## Source records
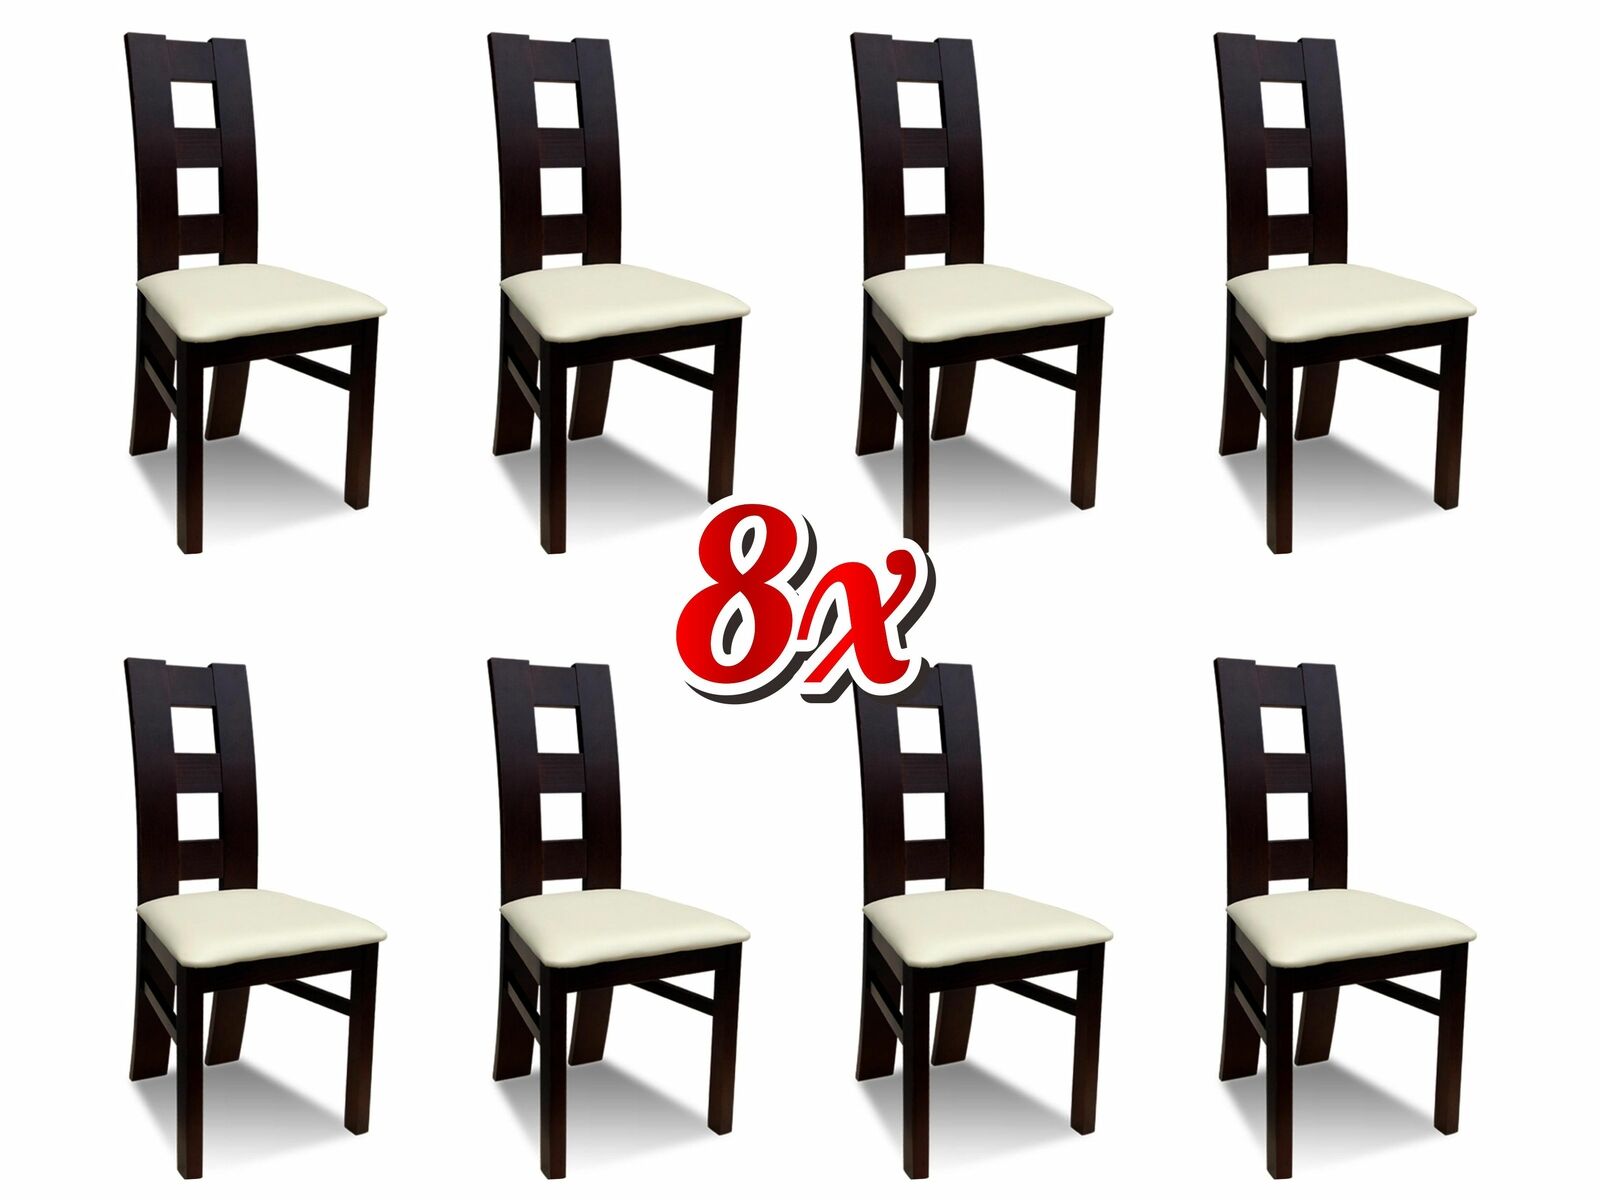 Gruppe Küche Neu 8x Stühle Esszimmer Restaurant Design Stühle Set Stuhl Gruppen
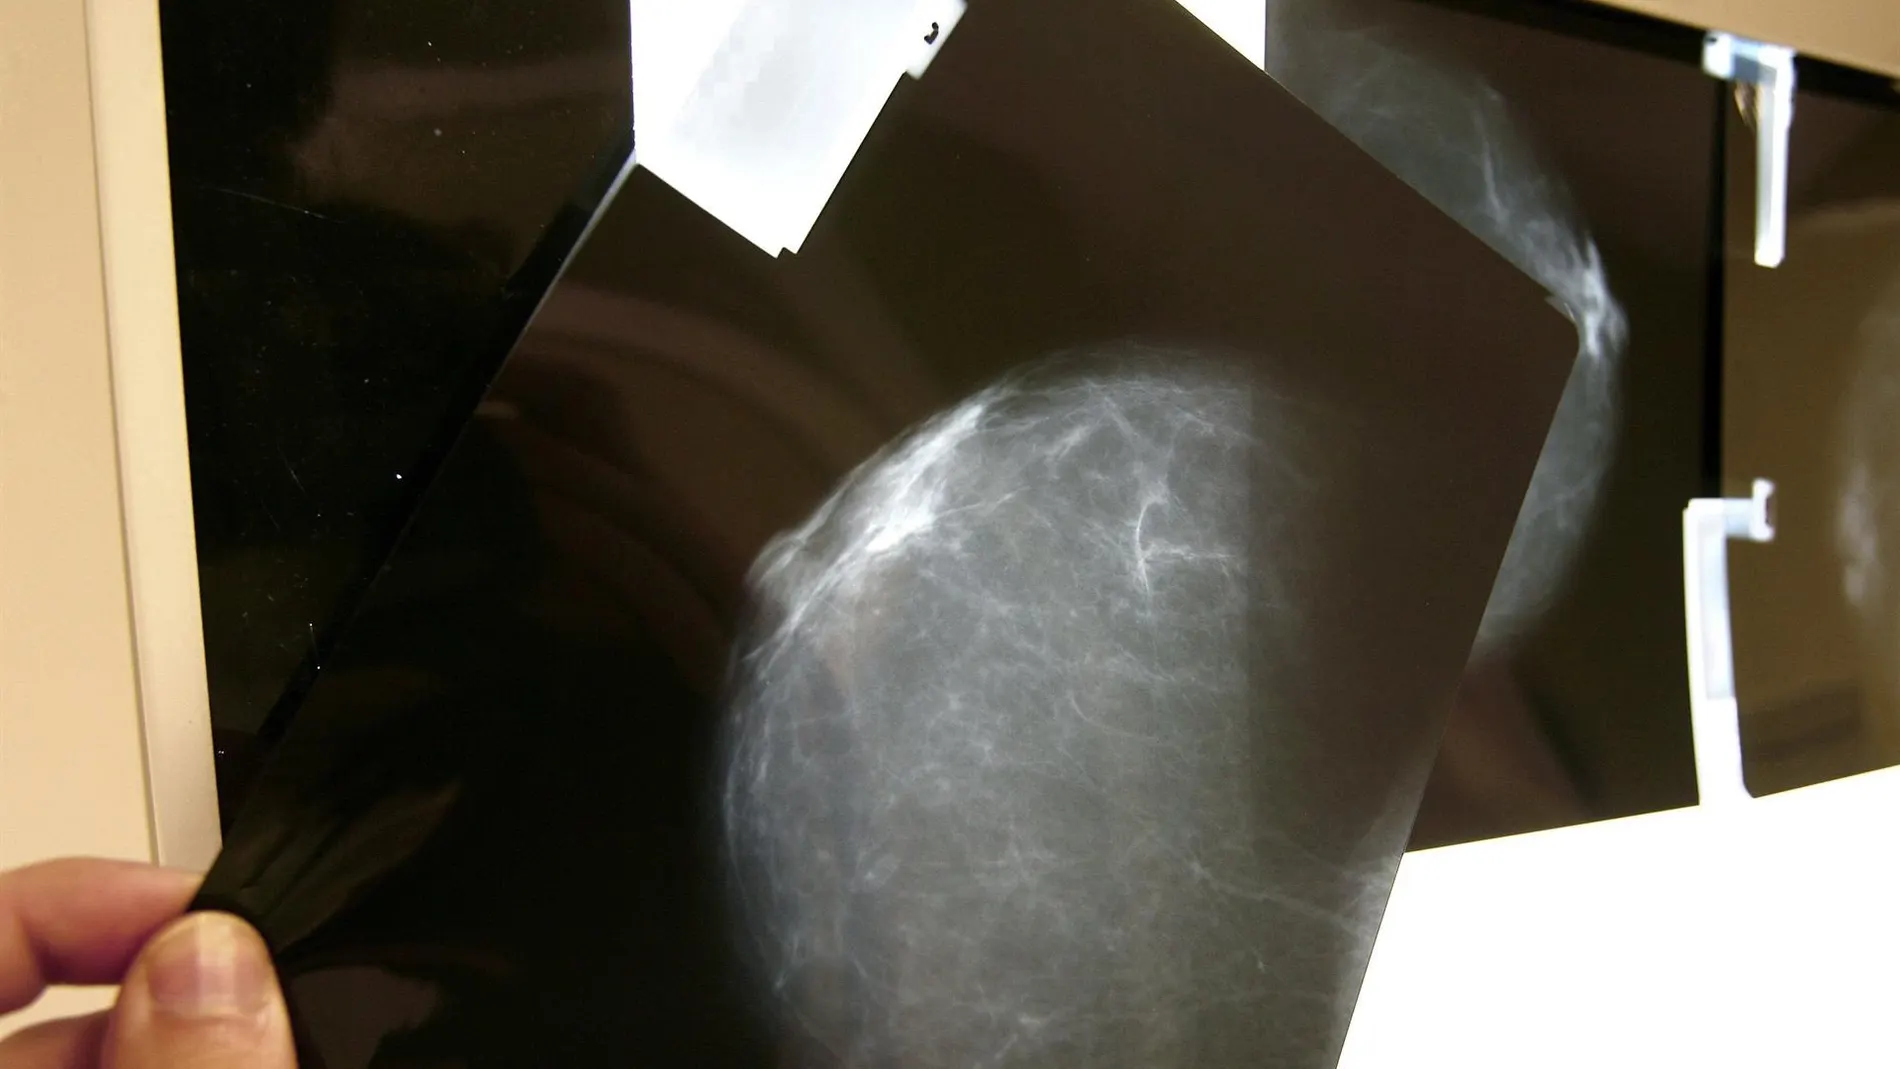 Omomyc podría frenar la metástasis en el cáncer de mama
---
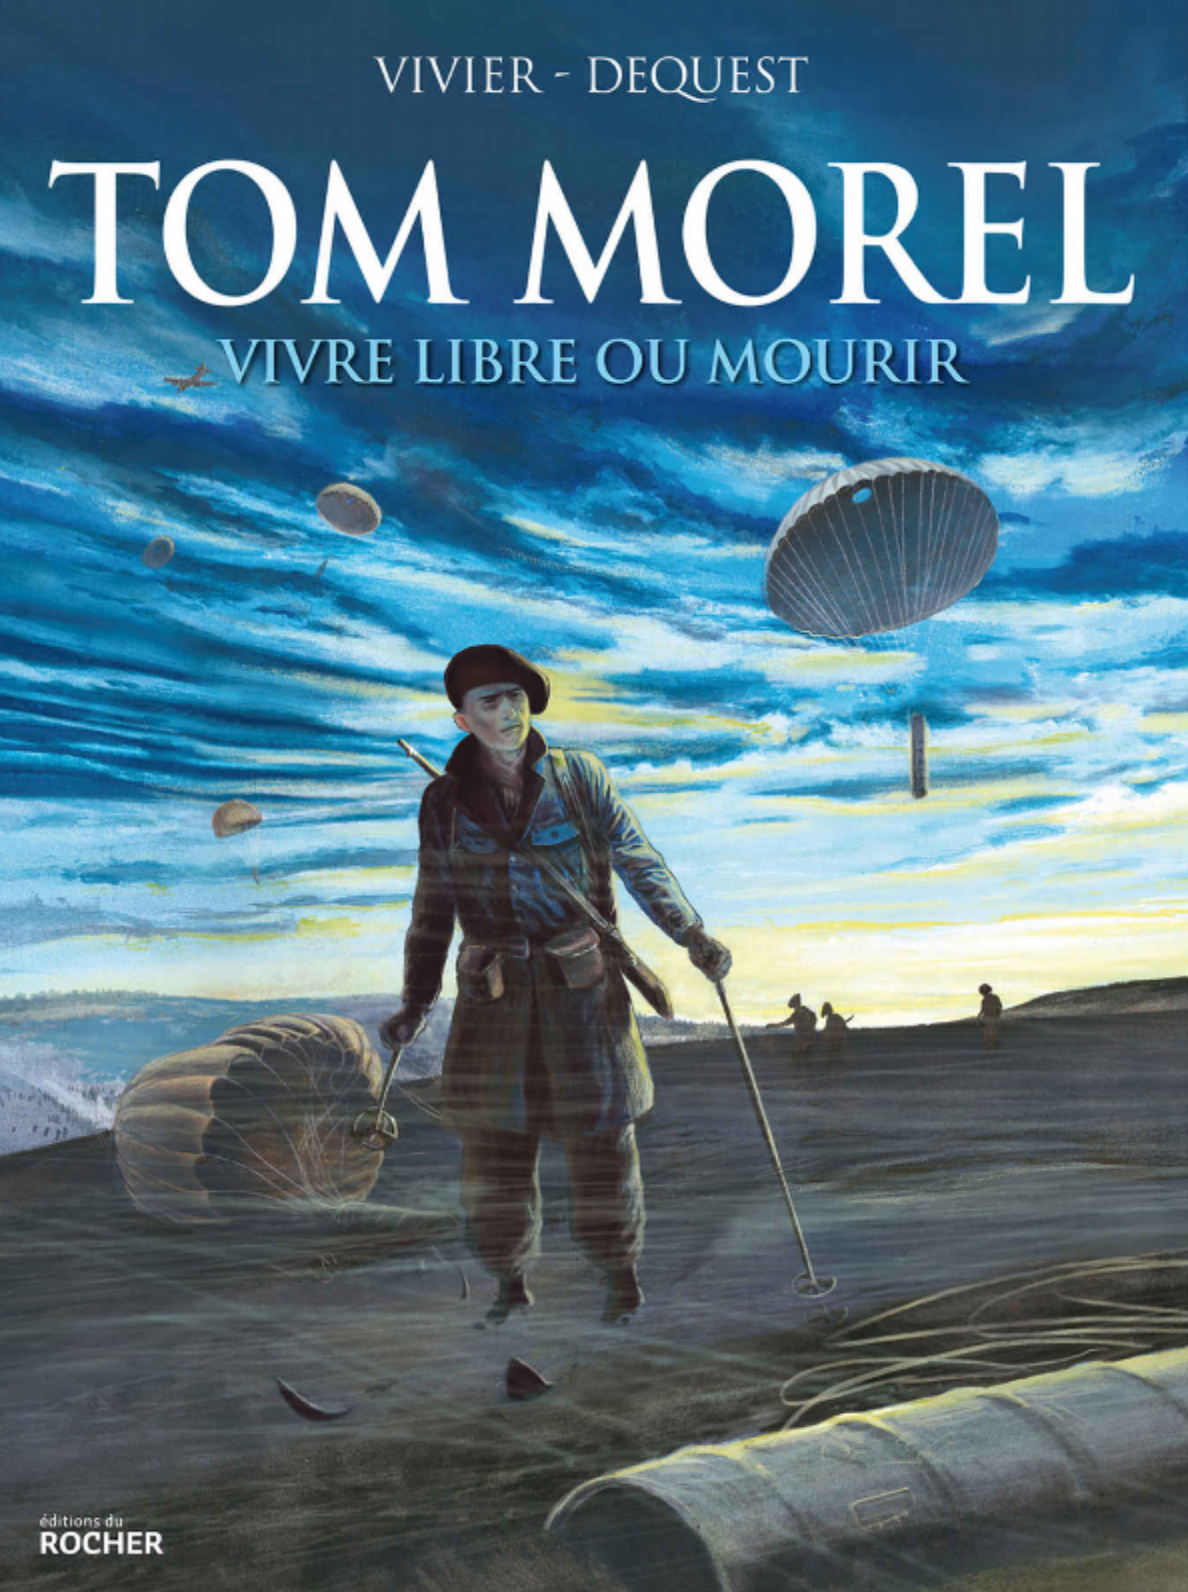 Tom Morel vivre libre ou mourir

## Problem to solve
Would you write out exactly the lines above, starting at the line containing "Gruppe Küche Neu" and stopping after the line containing "Omomyc podría frenar"? Omit the pictures.

## Solution to this exercise
 Gruppe Küche Neu 8x Stühle Esszimmer Restaurant Design Stühle Set Stuhl Gruppen
 Omomyc podría frenar la metástasis en el cáncer de mama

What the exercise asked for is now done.